Lab 11#

General notebook information

Buses#

Using MTA ridership data, view the bus ridership over time.

# your code here

311 and COVID#

Goal: Find 311 complaint types that increased or decreased when COVID-19 hit New York City in mid-March 2020.

This section is specific with the DataFrame names to make troubleshooting easier.

Step 0: Download the data#

Download 311 data for Created Dates between 2020 Jan 01 12:00:00 AM and 2020 Mar 31 11:59:59 PM. It should be around 548k rows.

Step 1: Load data#

Read the data into a DataFrame called df_2020.

# your code here

Step 2: Convert dates#

Ensure that timestamp columns are represented as datetimes.

# your code here

Step 3: Date counts#

Create a DataFrame called date_counts that shows the number of requests per Complaint Type per day.

# your code here

Step 4: Plotting over time#

Create a line chart of the count of complaints over time, one line per Complaint Type.

# your code here

This has the information we need, but is a lot to look at. Let’s only show complaint types that changed greatly (in March 2020) relative to the same period in the previous year (March 2019).

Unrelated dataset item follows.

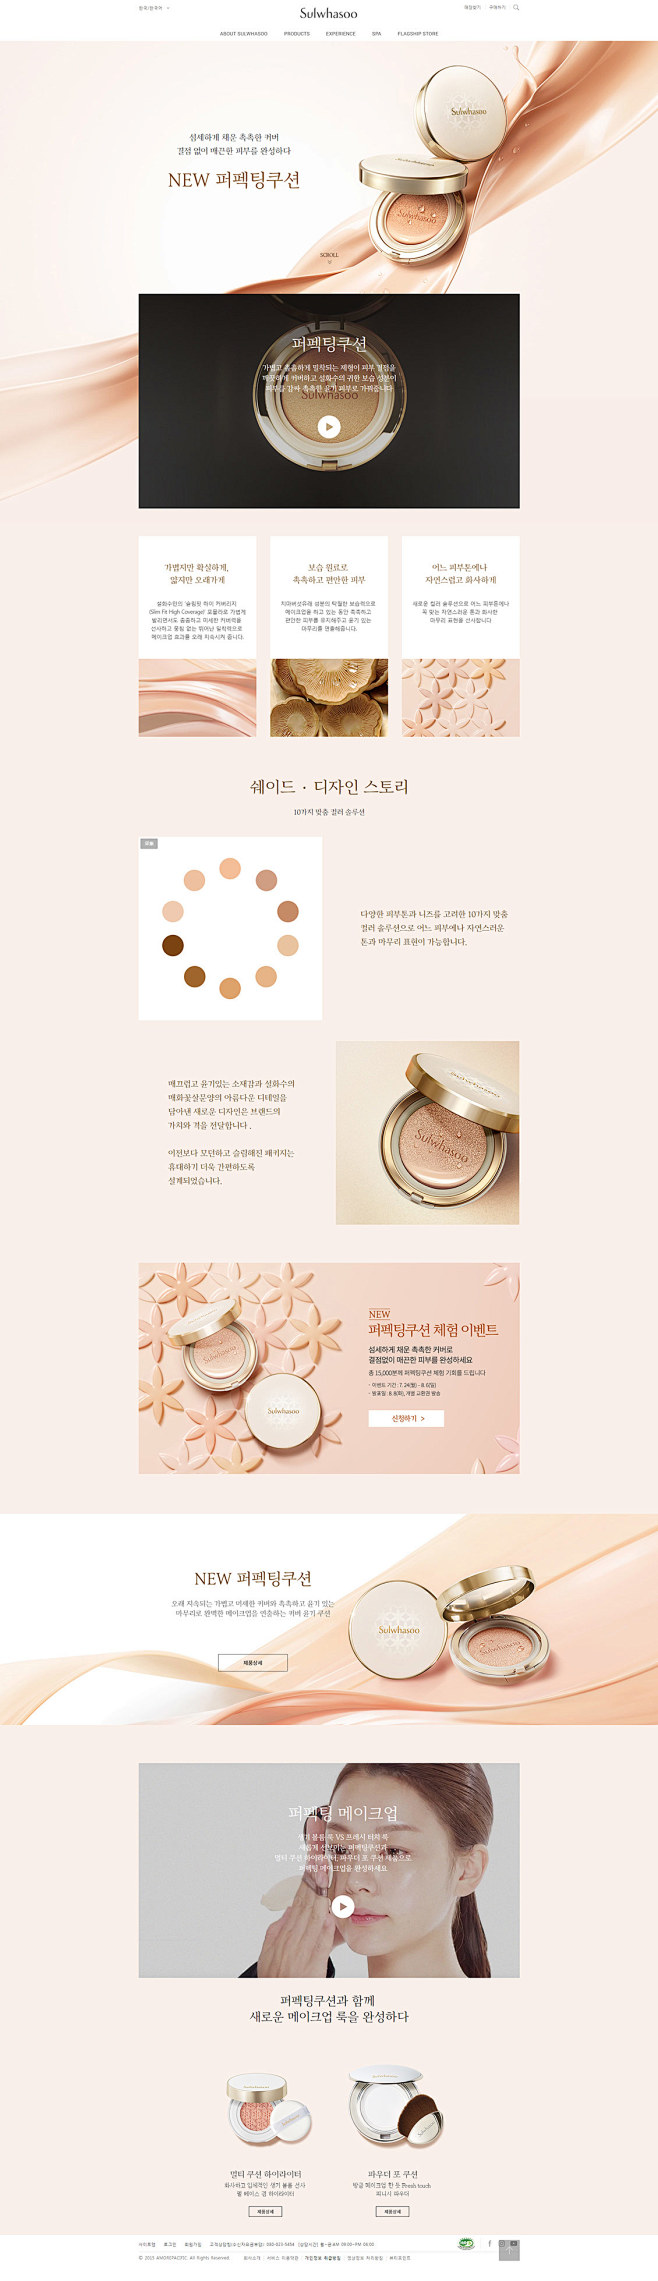 sulwhasoo韩国化妆品专题页面设计...

Step 5: March 2020 counts#

Create a DataFrame called mar_counts that has the count of each Complaint Type in March 2020 in a column called 2020. Use .to_frame() (instead of .reset_index()) to use the Complaint Type as the index. It should end up looking something like this:

Complaint Type

2020

APPLIANCE

824

Abandoned Vehicle

2500

Adopt-A-Basket

7

Note there is no numeric index.

# your code here

Step 6: Get March 2019 data#

Follow Steps 0-2 again, this time with 311 requests for all of March 2019. Name the DataFrame mar_2019.

Similar to Step 0, if having trouble downloading, you can load from:

https://storage.googleapis.com/python-public-policy2/data/311_mar_2019.csv.zip

# your code here

Step 7: March 2019 counts#

  1. Get the Complaint Type counts for March 2019.

  2. Add these to the mar_counts DataFrame as a column called 2019.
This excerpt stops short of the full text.